Reason: “failed to run … exit status 1”

# A MachineConfig script or file write failed
# Check MCD logs for the specific error
MCD_POD=$(oc get pods -n openshift-machine-config-operator -o wide | grep machine-config-daemon | grep worker-3 | awk '{print $1}')
oc logs -n openshift-machine-config-operator "$MCD_POD" -c machine-config-daemon | grep -B2 -A5 "error\|fail"

Reason: “disk full”

oc debug node/worker-3 -- chroot /host df -h /
# If full: clean up old containers, images, and logs
oc debug node/worker-3 -- chroot /host bash -c '
  crictl rmi --prune
  journalctl --vacuum-size=500M
'

Step 3: Force Recovery

# Option A: Force re-application
oc debug node/worker-3 -- chroot /host touch /run/machine-config-daemon-force

# Option B: If the MachineConfig itself is bad, remove it
oc delete mc 99-worker-bad-config
# MCO renders a new config without the bad one, MCD re-applies

# Option C: Nuclear — reboot the node
oc debug node/worker-3 -- chroot /host systemctl reboot

Step 4: Verify Recovery

# Watch the node state change from Degraded → Working → Done
watch "oc get node worker-3 -o jsonpath='{.metadata.annotations.machineconfiguration\.openshift\.io/state}'"
# Should eventually show: Done

# Verify MCP is healthy
oc get mcp worker
# DEGRADED=False ✅

Common Issues

Node Stuck in Degraded After Removing Bad MachineConfig

The node may need a force re-apply:

oc debug node/worker-3 -- chroot /host touch /run/machine-config-daemon-force

Multiple Nodes Degraded

If several nodes degraded on the same MachineConfig, the config itself is likely bad.

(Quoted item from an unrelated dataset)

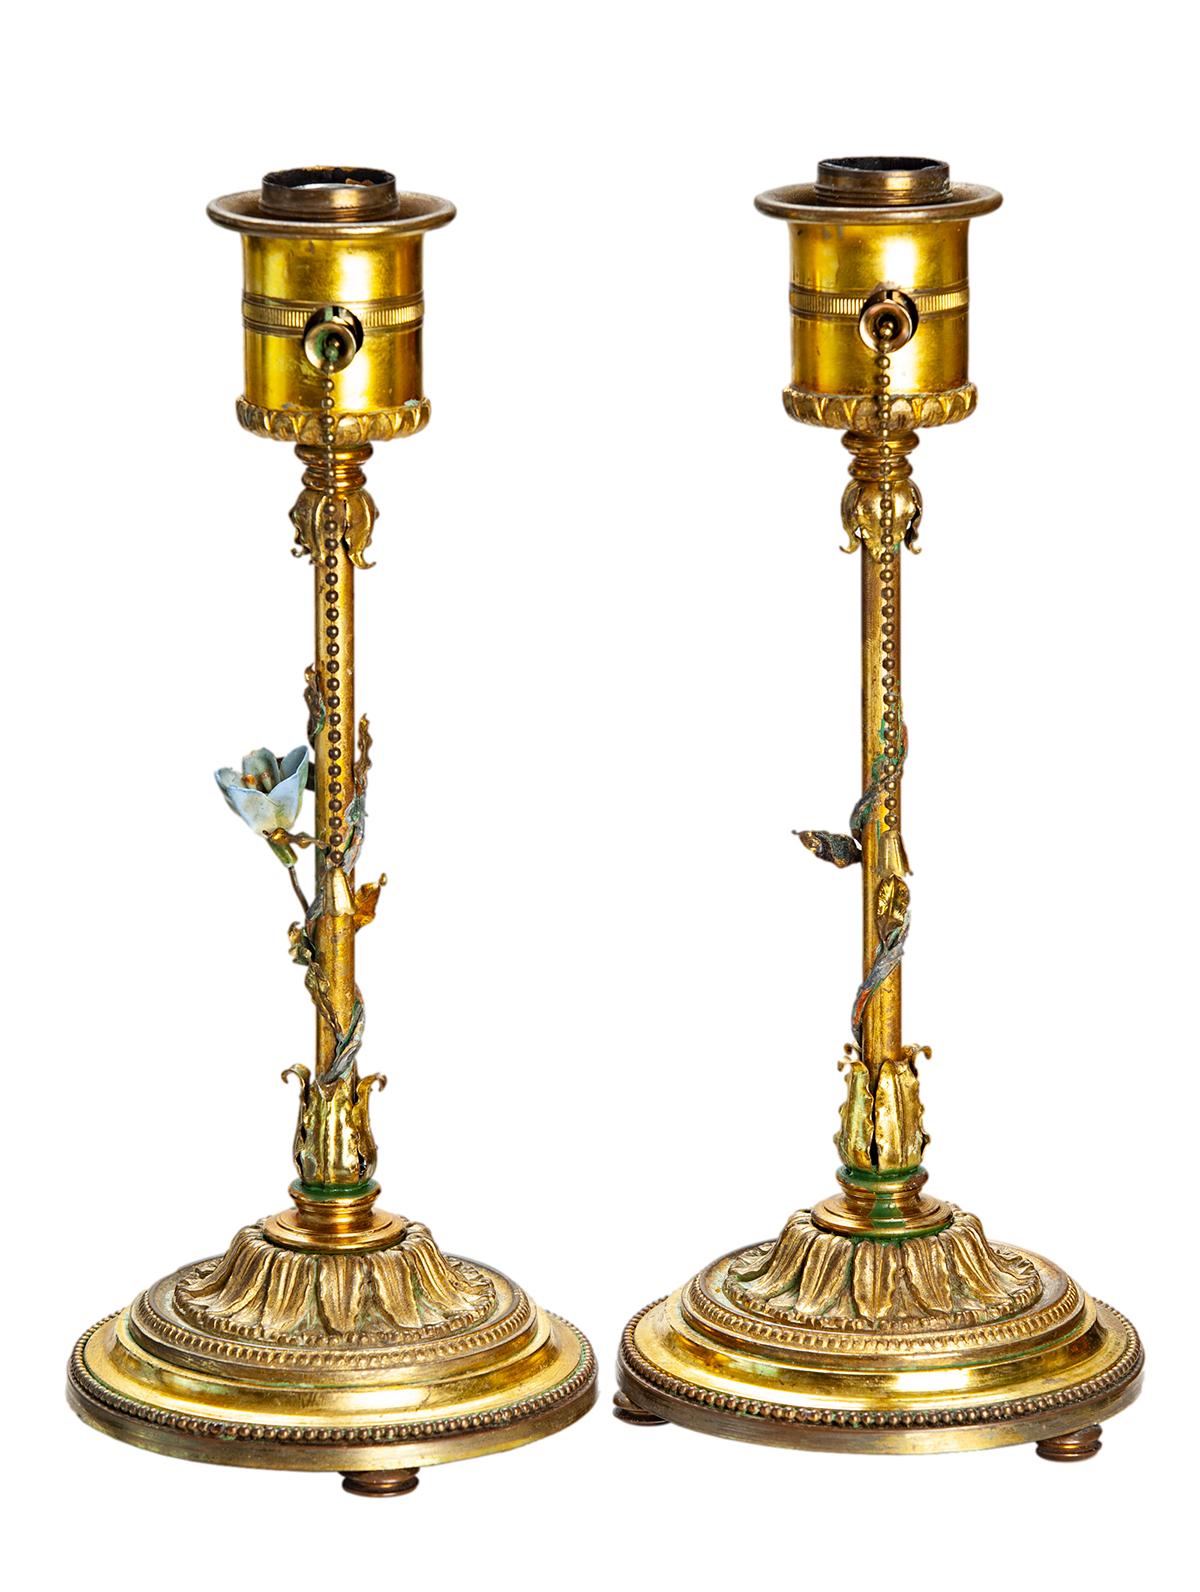 Hand-Crafted German Brass Candlestick Lamps w Vines & Vintage Stenciled Shade, a Pair For Sale

Delete it, then force-recover each node.

Best Practices

Test MachineConfigs in dev/staging before production
Use oc get mcp -w during rollouts to catch degraded nodes early
Never manually edit files on RHCOS — it causes “unexpected on-disk state”
Keep disk space monitored — full disks prevent config application
Force re-apply is usually safe — it re-writes all managed files

Key Takeaways

Degraded = MCD failed to apply the config on that node
The reason annotation tells you exactly what went wrong
touch /run/machine-config-daemon-force triggers a full re-apply
If the MachineConfig is bad, delete it — MCO will re-render without it
Degraded nodes block further MCP progress until recovered